Analysis of crude extracts (chloroform and ethyl acetate) by GC-mass and infra-red (IR)
The gas chromatography-mass spectrometry analysis (GC) for derivatives of chloroform and ethyl acetate extracted filtrates of U. fasciata and E. flexuosa was chosen in function of the percentage of reduction in mycelial growth from in vivo experiment by using an Agilent 6890 series II gas chromatograph. An Agilent 5973 mass spectrometer with electron ionization, mode (EI) generated at 70 eV (ion source at 230 °C and transfer line at 280 °C). The GC was performed using a HP5-MS capillary column (30 m × 0.25 mm, the film thickness of 0.25 μm). Operating conditions were as follows: carrier gas, helium with a flow rate of (1 ml min−1). The initial temperature was programmed from 80 to 280 °C (at 8 °C min−1) and maintained at 280 °C for 5 min. all compounds were identified by comparison of both the mass spectra (Wiley and Nist library) (Liu et al. 2008; Soliman et al. 2018). The infrared (IR) absorption spectrum of the purified fraction was evaluated to determine the possible functional groups in the algal extracts responsible for bio-reduction for fungal pathogens. This work was estimated at the National Center for Research (He et al. 2016).

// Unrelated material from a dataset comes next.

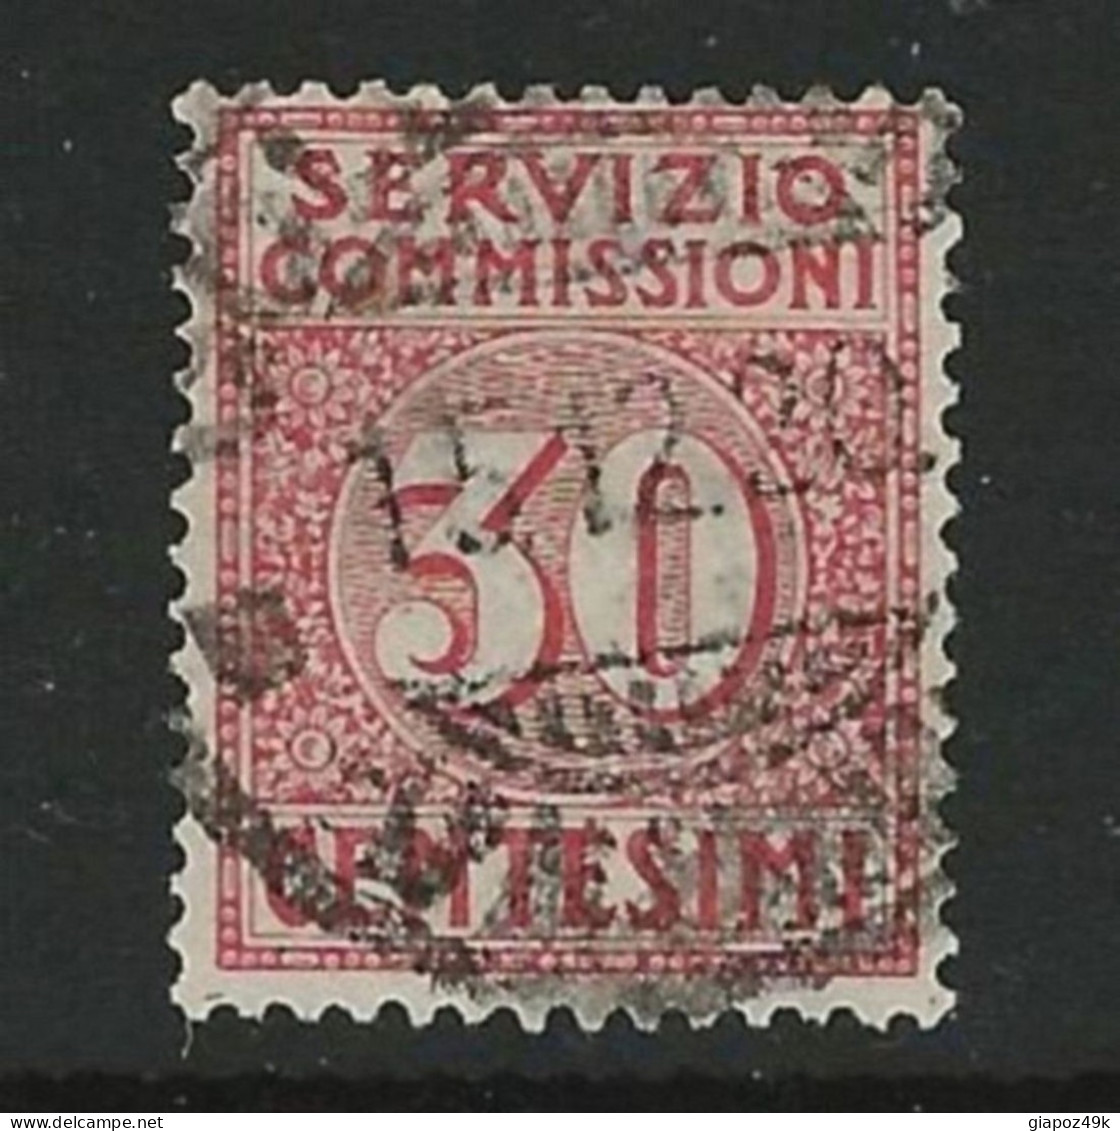 ● ITALIA REGNO 1913 ֍ SERVIZIO COMMISSIONI  ֍  N. 1 Usato ● Cat. 65 € ● Lotto N. 1930 ● - Strafport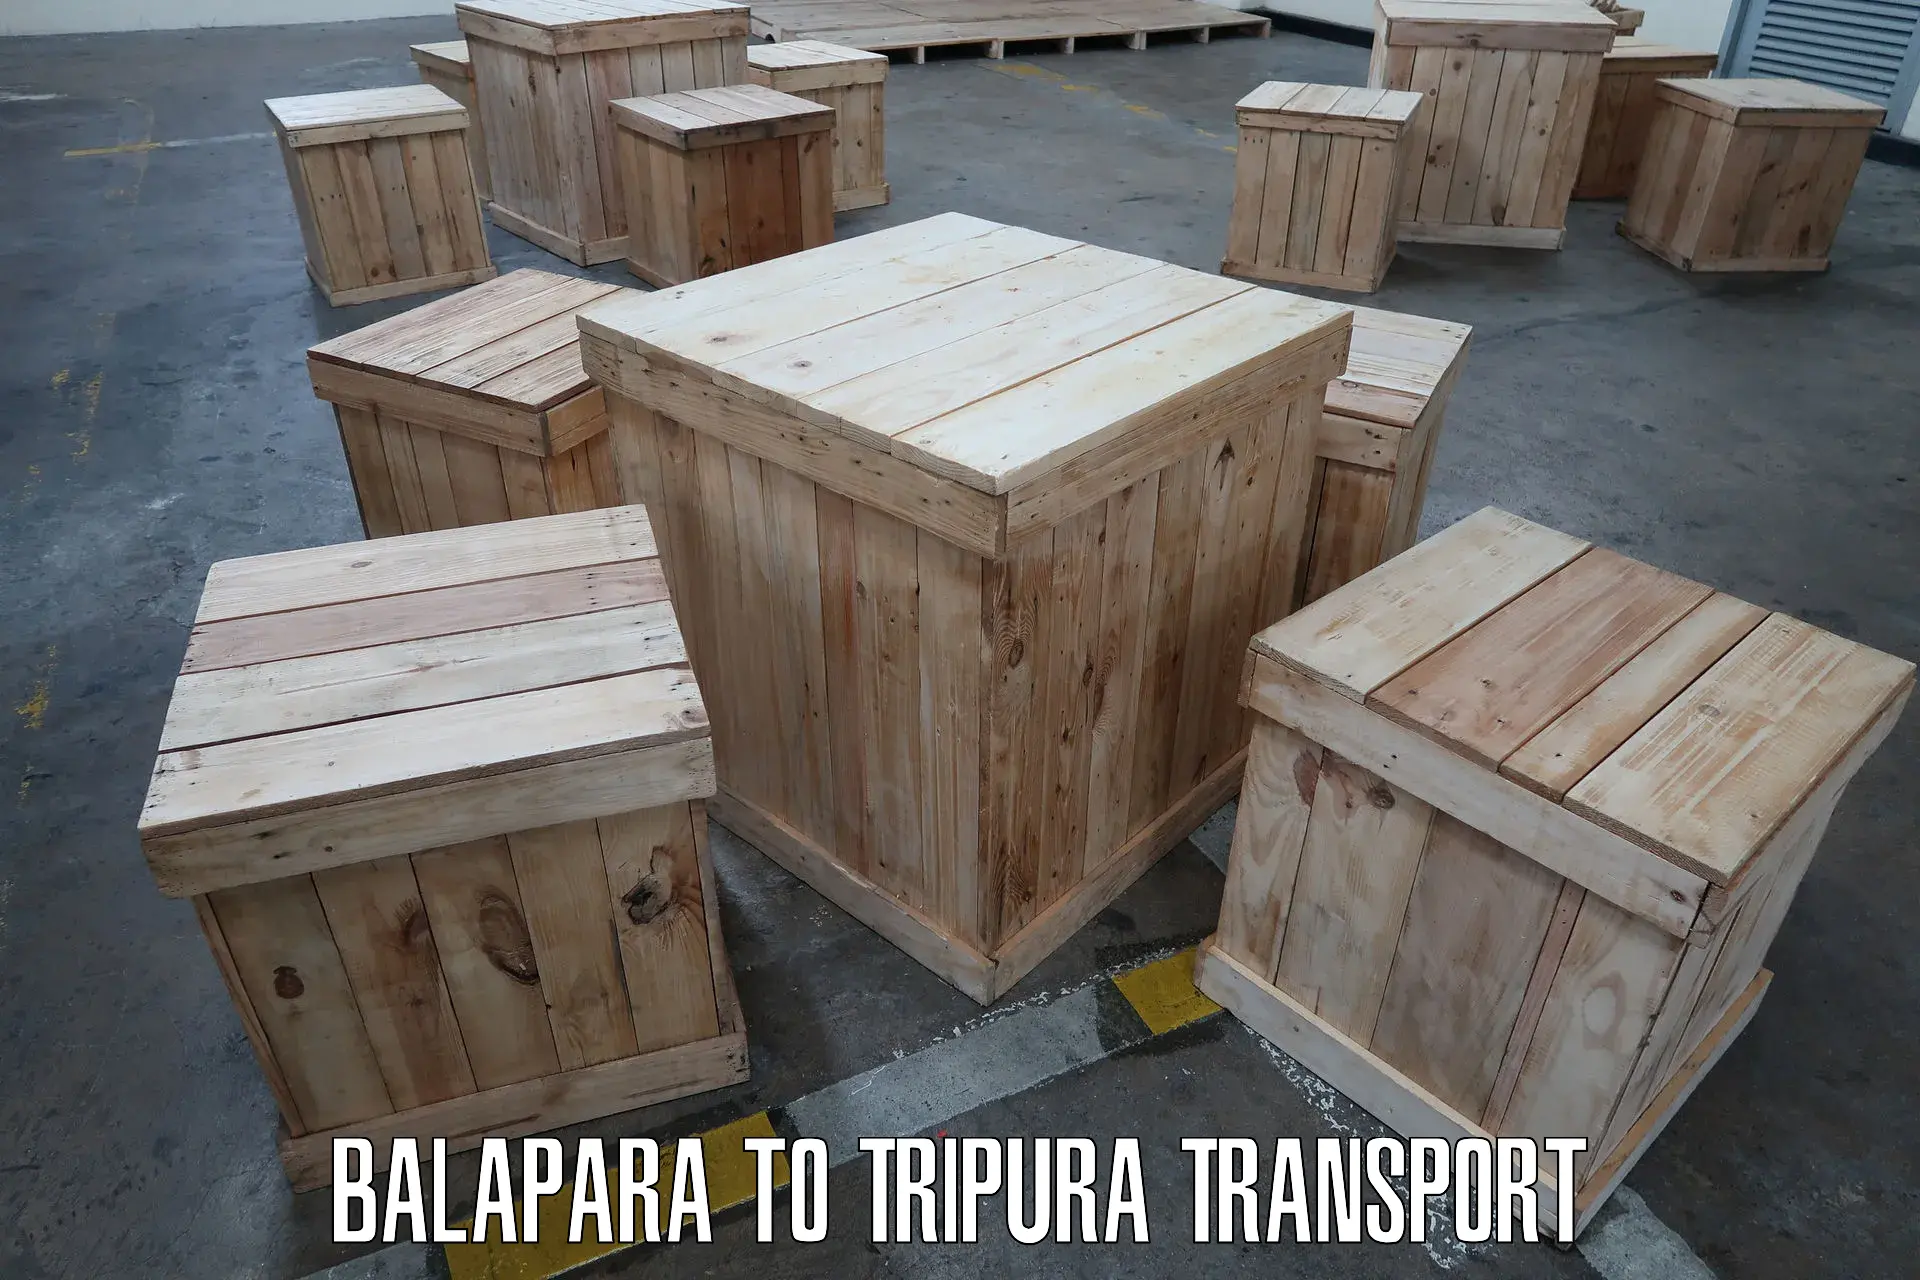 Daily transport service Balapara to Manu Bazar

In vivo assay of greenhouse experiment
Two algal powders were used in the present study and tested for their potentiality as biocontrol agents against the 2 tested pathogenic cucumber seeds fungi, M. phaseolina, and F. solani, in greenhouse experiments. Preparations of the algal powders were used in this investigation to evaluate their effect on disease incidence of the 2 fungal pathogens as follows: autoclaved sterilized sandy-loam soil and was infested with sorghum-grain inoculums of each pathogen M. phaseolina and F. solani at the rate 3% (w/w)/kg soil. Infested pots were irrigated and kept for 7 days to ensure fungi dispersal in the soil before seed sowing. The infested soil was amended with dry algae powders in the ratio (1 g powder of each algal powder: kg soil) w/w at seed sowing. Three seeds were sown in each pot, 4 replicates were used for each treatment. The control treatment was carried out by the chemical fungicide vitavax as seed coating 3 g vitavax/kg seeds before seed sowing. Pots were kept in the greenhouse until the end of the experiment (60 days), and the cucumber’s yield was weighted for all treatments. Seeds of cucumber were obtained from the commercial sector in Egypt. Seeds were surface-sterilized in a 2% sodium hypochlorite solution for 2 min before sowing (Sultana et al. 2011).
Statistical analysis
The results of all experiments were statistically analyzed using one-way analysis of variance (ANOVA) to test for significance, and the Fisher test was used for mean separations by the GENSTAT computer package system. Means were made following Fishers LSD (LSD at 0.01 for in vitro experiment, while it was at 0.05 for in vivo experiment) (Gajardo et al. 2017).